To determine whether there was a change in epithelial or hematopoietic origin EVs in the setting of a local type 2 inflammatory response in the lung, EV flow was performed on BALF from IMM and AA mTmG Nkx2.1-Cre and mTmG Vav-Cre mice. The total number and mode of the diameter of EVs detected in the BALF by nanoparticle tracking was unchanged in mice with allergic airway inflammation (Figure S5). However, mTmG Vav-Cre mice did exhibit a statistically significant increase in the percentage of mG+ hematopoietic-derived EVs among all of the fluorescent positive EVs, from 13% in IMM mice to 21% in AA mice (Figures 6E and 6F). This correlated with a 2.7-fold (range, 1.5- to 5.1-fold) increase in the absolute number of hematopoietic-derived EVs during allergic inflammation (Figure 6G). There was also a trend toward increased epithelial EVs in mTmG Nkx2.1-Cre in the inflamed lung; however, this did not achieve statistical significance, and no difference in the percentage of mG+ EVs in these mice was observed. Our data indicate that airway inflammation increases the contribution of infiltrating immune cells to airway-lining fluid EVs and ex-miRNAs.

DISCUSSION

Body fluids harbor a surprisingly high concentration of small exRNAs stabilized in association with EVs. Active secretion of EVs and ex-miRNAs may influence the function of both source and recipient cells and provides an opportunity for biomarker discovery in accessible biospecimens. In this study, we set out to determine how the composition and cellular sources of ex-miRNAs and the EVs that carry them change during tissue inflammation. Studying allergic lung inflammation using mouse models of asthma, we found that hematopoietic miRNAs and vesicles specifically increased in BALF. This occurred in the context of a biofluid that contained predominantly epithelial ex-miRNAs and EVs arising from the most abundant cells lining the airways. These findings matched our expectation that immune cell secretion of RNA and vesicles into the extracellular space will alter the local tissue environment and the biofluids associated with it.
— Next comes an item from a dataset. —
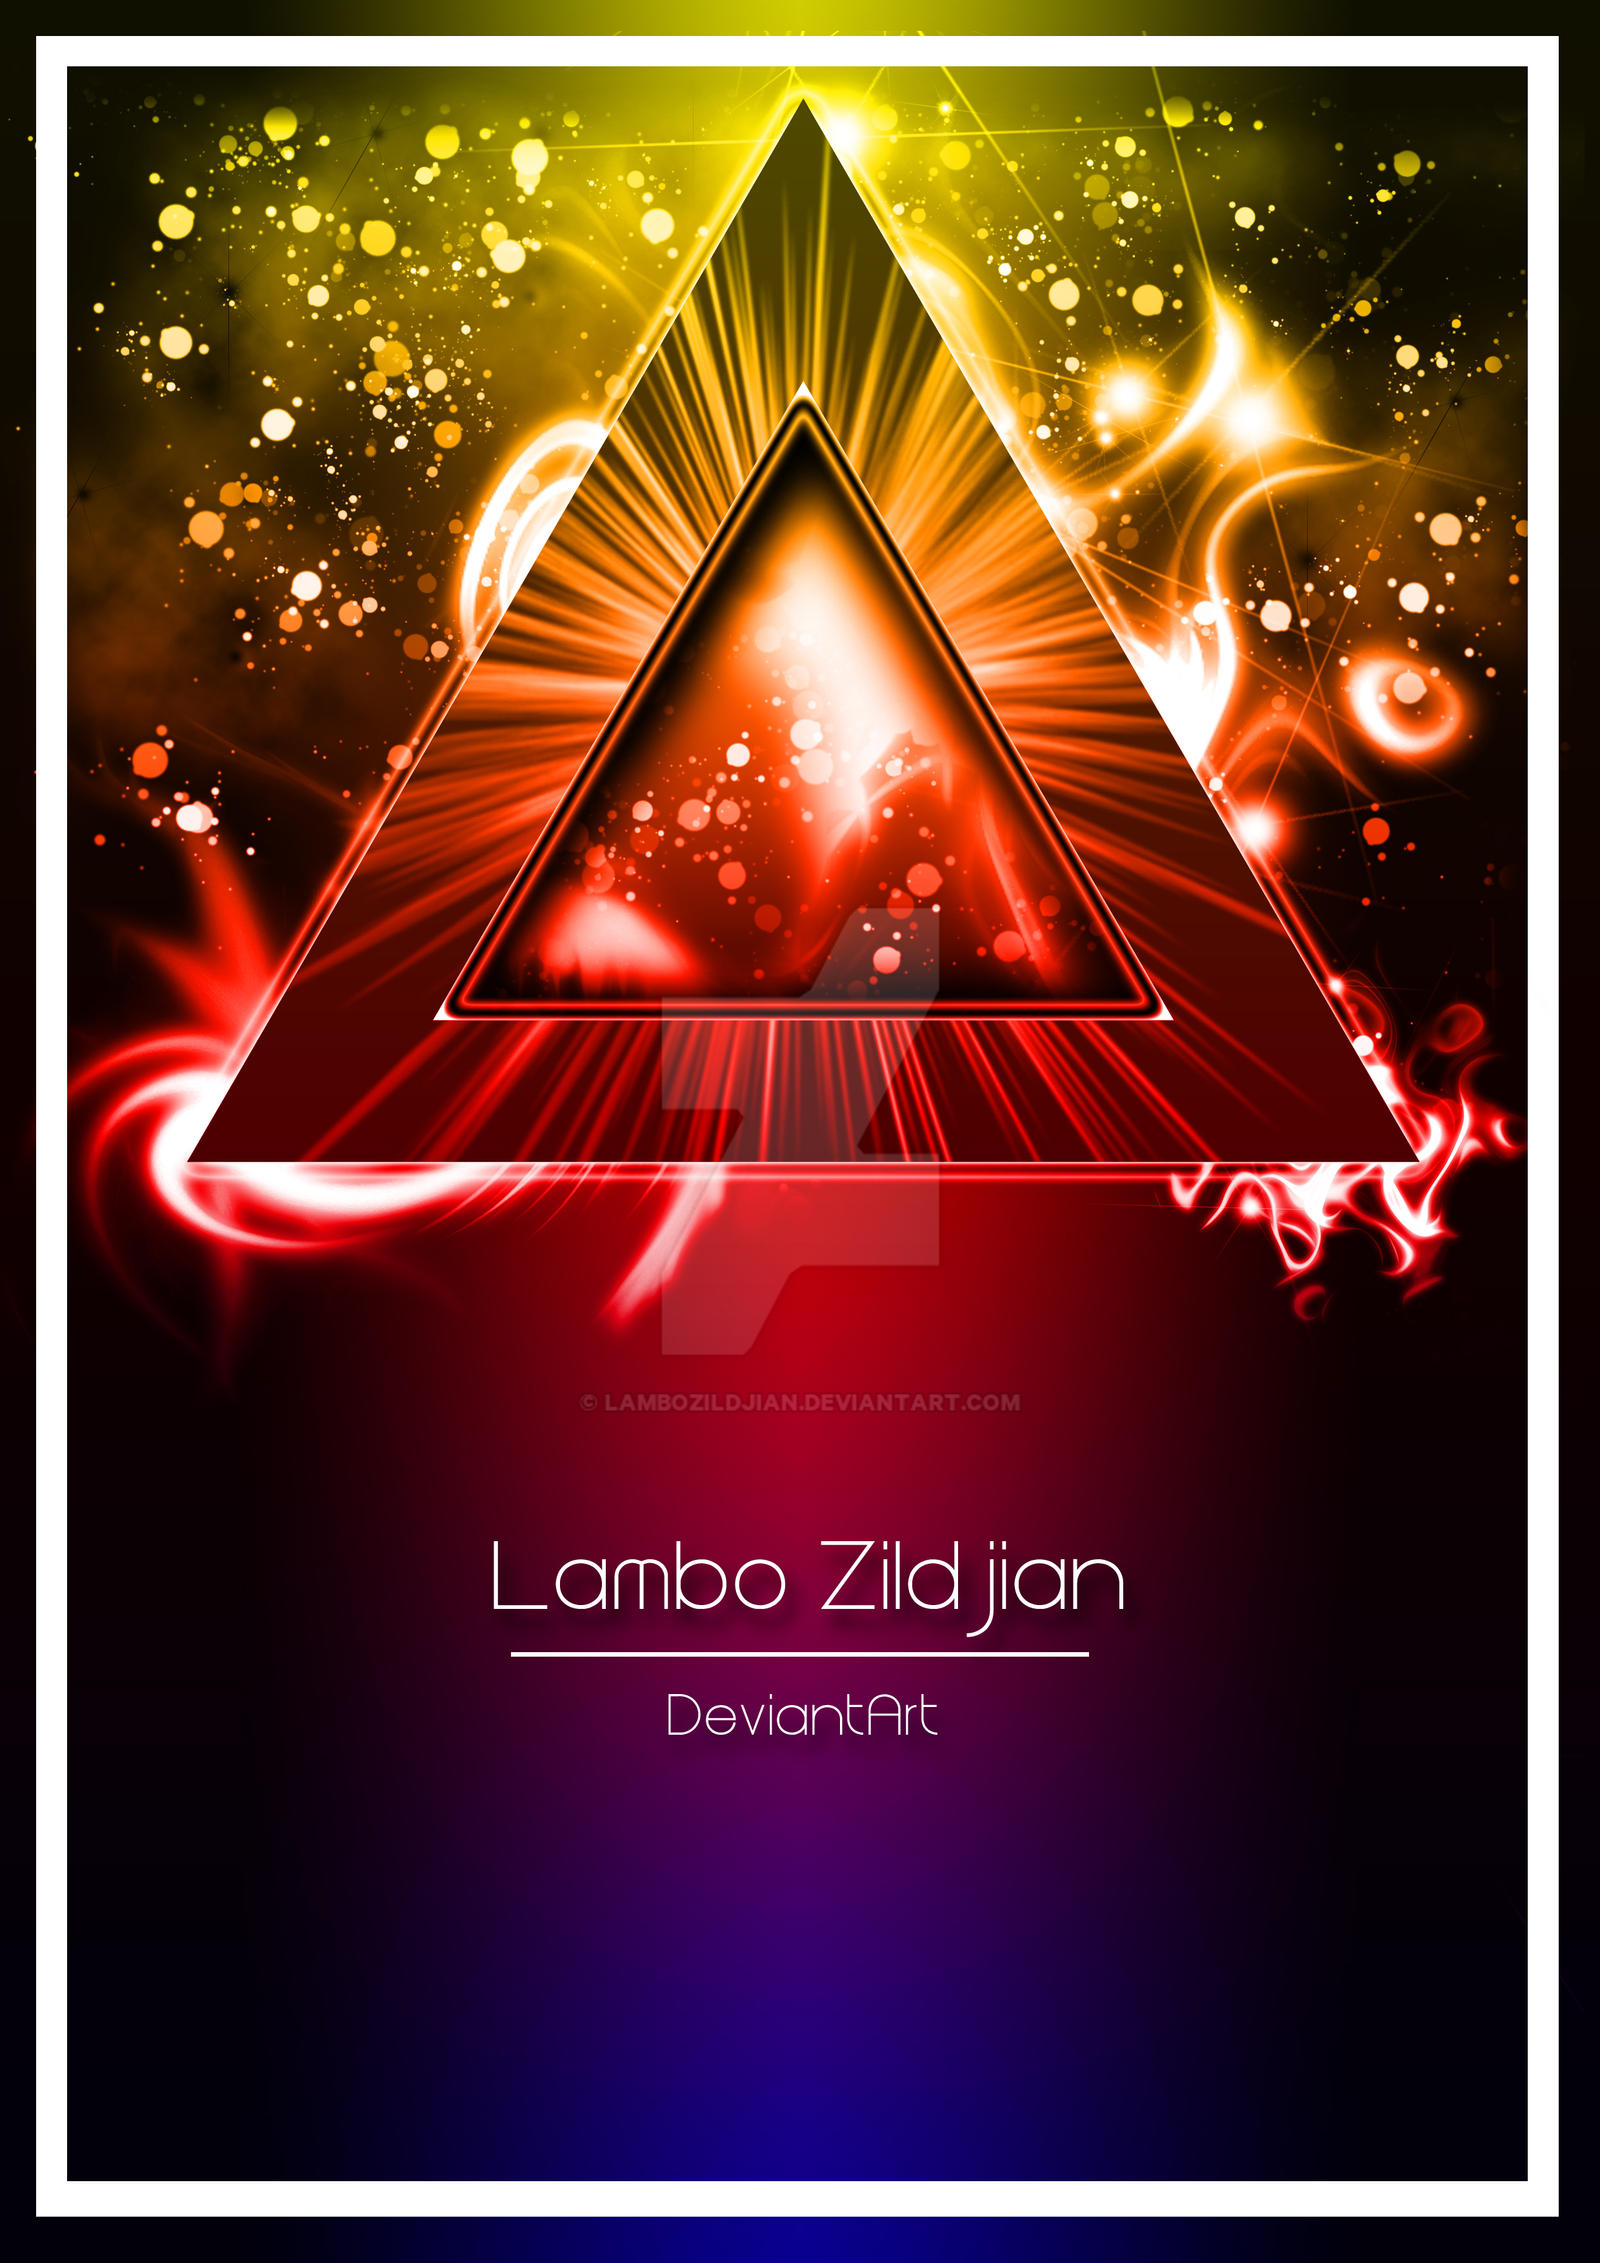 The Vibrant Triangle by LamboZildjian

In our studies, we performed both qualitative and quantitative studies of ex-miRNAs and EVs in BALF. Although our EV flow cytometry studies successfully discriminated EVs of epithelial and immune cell origin, the total number of particles detected using this method was substantially lower than the number counted by nanoparticle tracking assays (0.1% on average). This likely reflects a combination of limitations in the detection of small and dimly fluorescent vesicles by EV flow cytometry, and highlights both the need for and great potential of continued technical innovation in the field. Still, our work allows us to begin to address important quantitative questions such as how many molecules of RNA are packed into an individual EV in vivo. For both BALF and serum, we detected ~50–100 times more EV-sized particles by nanoparticle tracking than ex-miRNAs per microliter of fluid. Studies on purified EVs isolated from glioma stem cell cultures have estimated approximately 1 miRNA per EV generated in conditioned media in vitro (Wei et al., 2017). These results suggest that BALF is likely to contain a subpopulation of EVs that carry ex-miRNAs, which is not an altogether surprising finding given that BALF contains a complex mixture of surfactant, proteins, and EVs from different cellular sources. Important and difficult-to-address questions remain as to the number and distribution of RNA within heterogeneous populations of individual EVs, particularly in vivo.

While our results supported our overall hypothesis that miRNAs and EVs would change with mouse models of asthma, there were a number of surprising findings. We did not identify striking changes in any epithelial miRNAs, despite a prior study identifying the downregulation of miR-34/449 and miR-141/200/429 families in EV-enriched fractions from asthmatic patients that predicted lung function (Levänen et al., 2013). Perhaps the investigation of mouse models that better mimic a mild, chronic form of the disease will identify a role for epithelial EVs and/or ex-miRNAs in defining and contributing mechanistically to disease pathogenesis. Also of interest was the fact that although the induction of systemic inflammation dramatically changed the ex-miRNA profile in serum, we could detect neither a specific ex-miRNA signature nor epithelial EVs in circulation in AA mice that reflected the induction of local inflammation in the lung. It will be interesting to determine whether inflammation induced in and restricted to the lung can produce a detectible inflammatory signal in the circulation.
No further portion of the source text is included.